Alzheimer’s disease was an entirely different kind of beast. There were no weapons that could slay it. Taking Aricept and Namenda felt like aiming a couple of leaky squirt guns in to the face of a blazing fire."



And there you have it in a nutshell – our protagonist, Alice Howland, professor of Cognitive Psychology at Harvard, is 50 years old when her world is rocked by the diagnosis of early onset Alzheimer’s disease. It’s a foregone conclusion, there is no hope so what do you do – give up? hide your head in the sand? or play it by ear, knowing that one day your own body won’t remember how to swallow or even breathe unassisted?

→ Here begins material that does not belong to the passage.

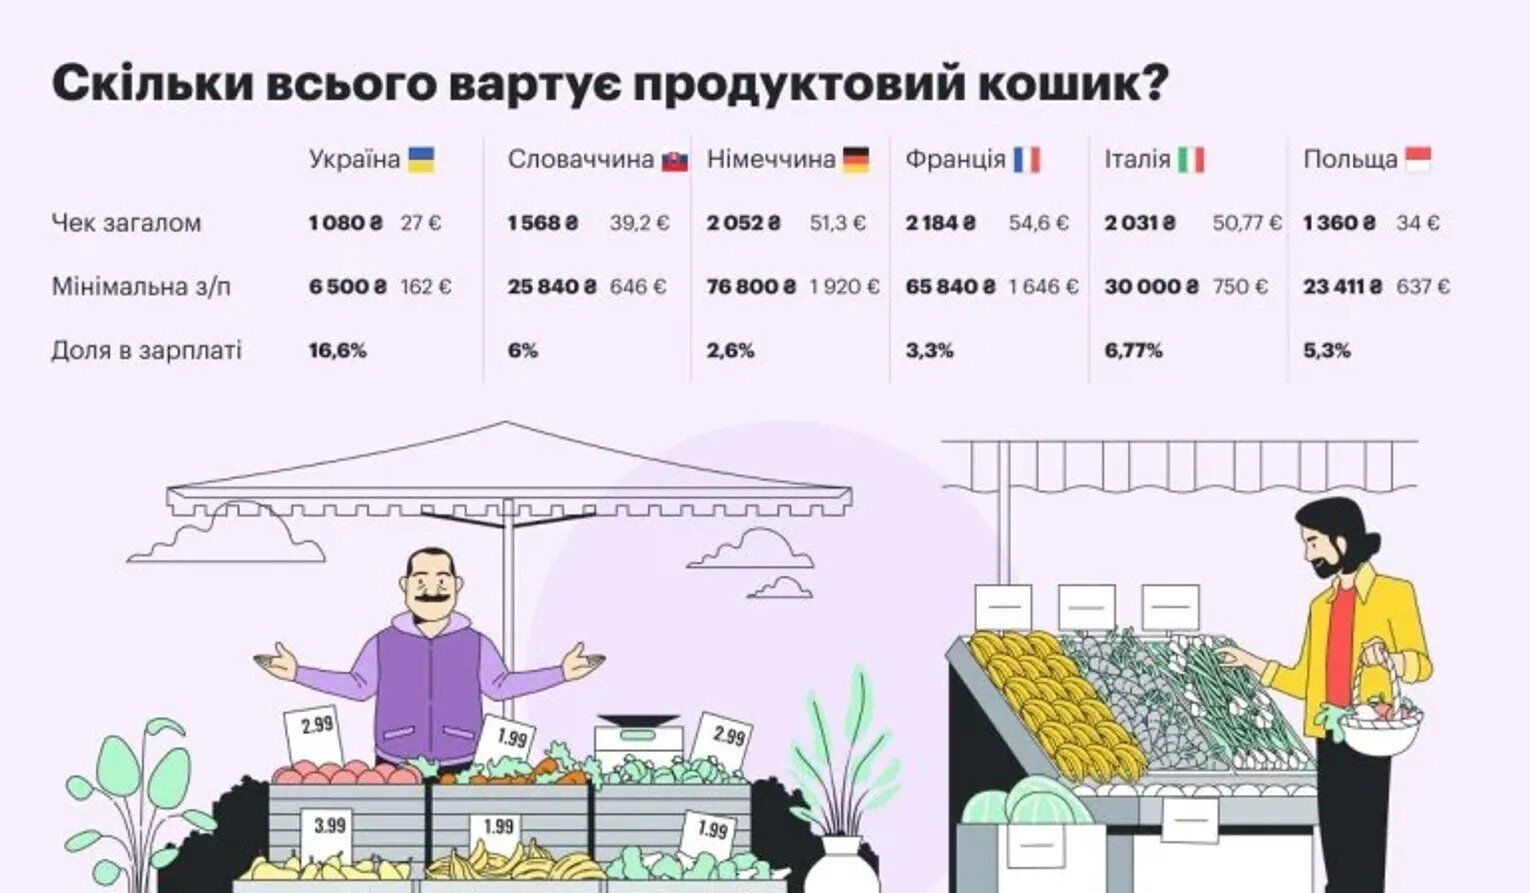 Скільки коштує продуктовий кошик у країнах ЄС та в Україні

It would have been all to easy to deliver a mawkish novel dwelling on the heartache caused by dementia or an insensitive one which focuses on the disintegration of the self as the building blocks of one’s memory shatter one by one. Perhaps, the author’s own experience as a neuroscientist puts her in pole position to relate the story of Alice without indulging in oversentimentality yet whilst retaining a very human touch.

This story is told in the 3rd person yet, uncannily, it feels as if Alice is standing outside herself relating events which happen to her beyond her own control. There is an underlying tension as we feel her helplessness to stop the railroad train of dementia which is crashing through both her personal and professional life. Soon she has to renounce her career as a lecturing professor and finds, not unlike some mothers who have left the workforce.., that her job defined her and without that daily work structure she feels even more lost. However, this is no temporary career break but a very real deterioration as Alice gradually loses her sense of self both in her work situation and within her family.

There are some extremely poignant scenes including one where the family discuss her future whilst she is sitting in the corner – at this stage she finds it difficult to keep up with the thread of conversations but she is dimly aware that they are talking about her and finds it impossible to verbalise her feelings about this. These and other occurences are related in such an understated, natural way that you, the reader, are chomping at the bit to speak for Alice yet all too aware that her voice has long since gone, fading like white noise in the background.

I know some folk will shy away from a book like this, thinking it’s too low-brow, too calculated at pulling at the heart strings but believe me, it is so far removed from that – all of us need a reality check every now and then (some of us on a daily basis!) and if you can read this, not shed copious tears nor consider your blessings well and truly counted, then I’ll stand you a quart of oil for your tin heart! Personally, I can’t abide misery memoirs and Mitch Albom does nothing for me but this book touched a chord and I would highly recommend it to anyone with a pulse.